The curtains of her room were drawn tight but outside she could hear the usual early-morning sounds of St Catharine’s College. The odd jogger running past. A cyclist. A delivery van on the road outside.

Everything was exactly as it should be. The horrible, scratching
things
that had crawled towards her in the dark had been the result of something slipped into her drink. The shapeless forms that had banged on the inside of the wardrobe door to be let out had existed only in her own head. The cold, claw-like hands that had stroked … Jesus, she needed a shower.

Jessica got up, on legs that weren’t too steady. She felt weak, as though she hadn’t eaten for some time, and a little nauseous. There was a bruise on her forearm she didn’t remember from the evening before. She reached for the gown on the back of the chair. Her work was where she’d left it on her desk. Her laptop was switched off but still open, her books on the bookshelf, her bag from the night before under the desk, spilling half its contents over the floor. Everything normal.

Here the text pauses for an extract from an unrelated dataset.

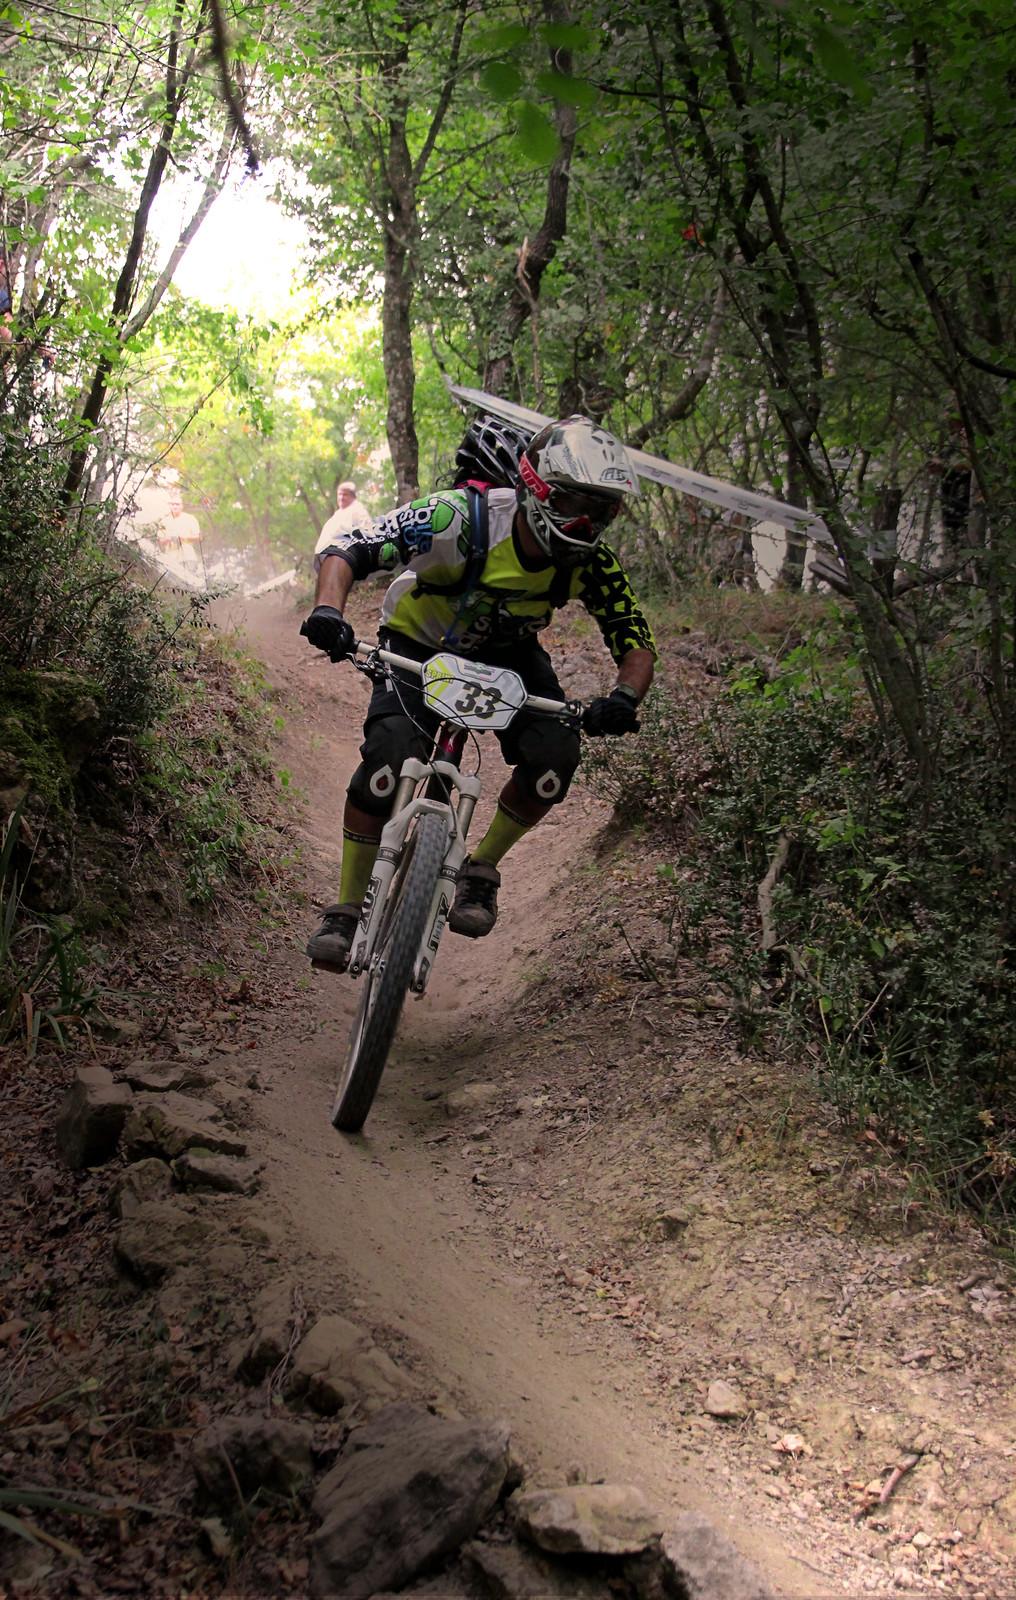 Super Enduro Tolfa 06 - Ruggero - Mountain Biking Pictures - Vital MTB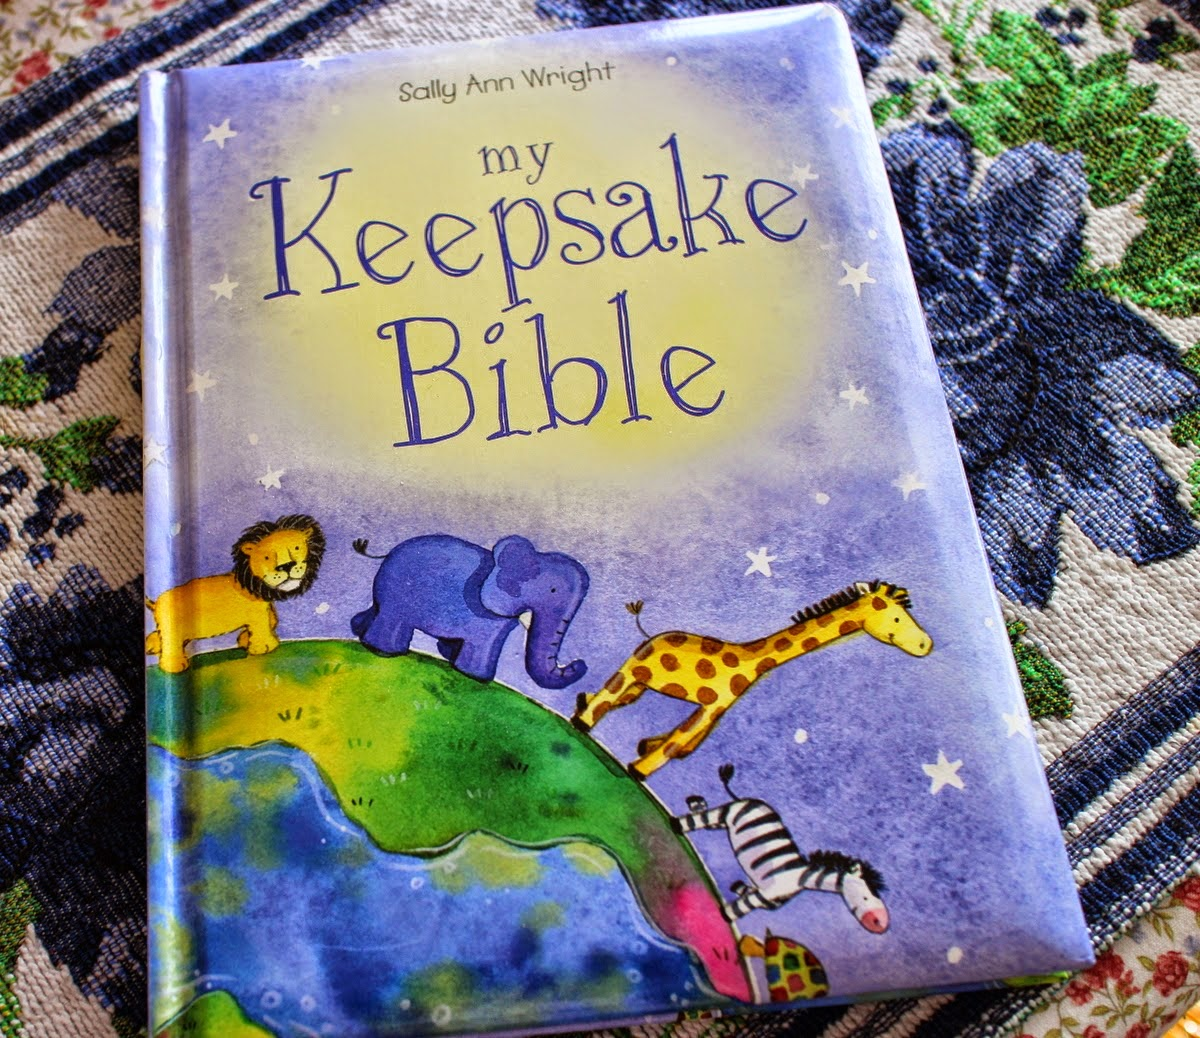 http://lilacsandspringtime.blogspot.com/2015/03/my-keepsake-bible.html

Except that all the books on the shelf were upside down.

 

Jessica reached out to the books, just to make sure they were real. They felt very real. So who had turned them all the wrong way round? Nearly fifty books. Why would someone do that? The song on the radio was speeding up. Like an old-fashioned vinyl record being played at the wrong speed. Jessica looked back at the radio, suddenly afraid. The song stopped. There was a second of silence and then a new tune began to play. Fairground music.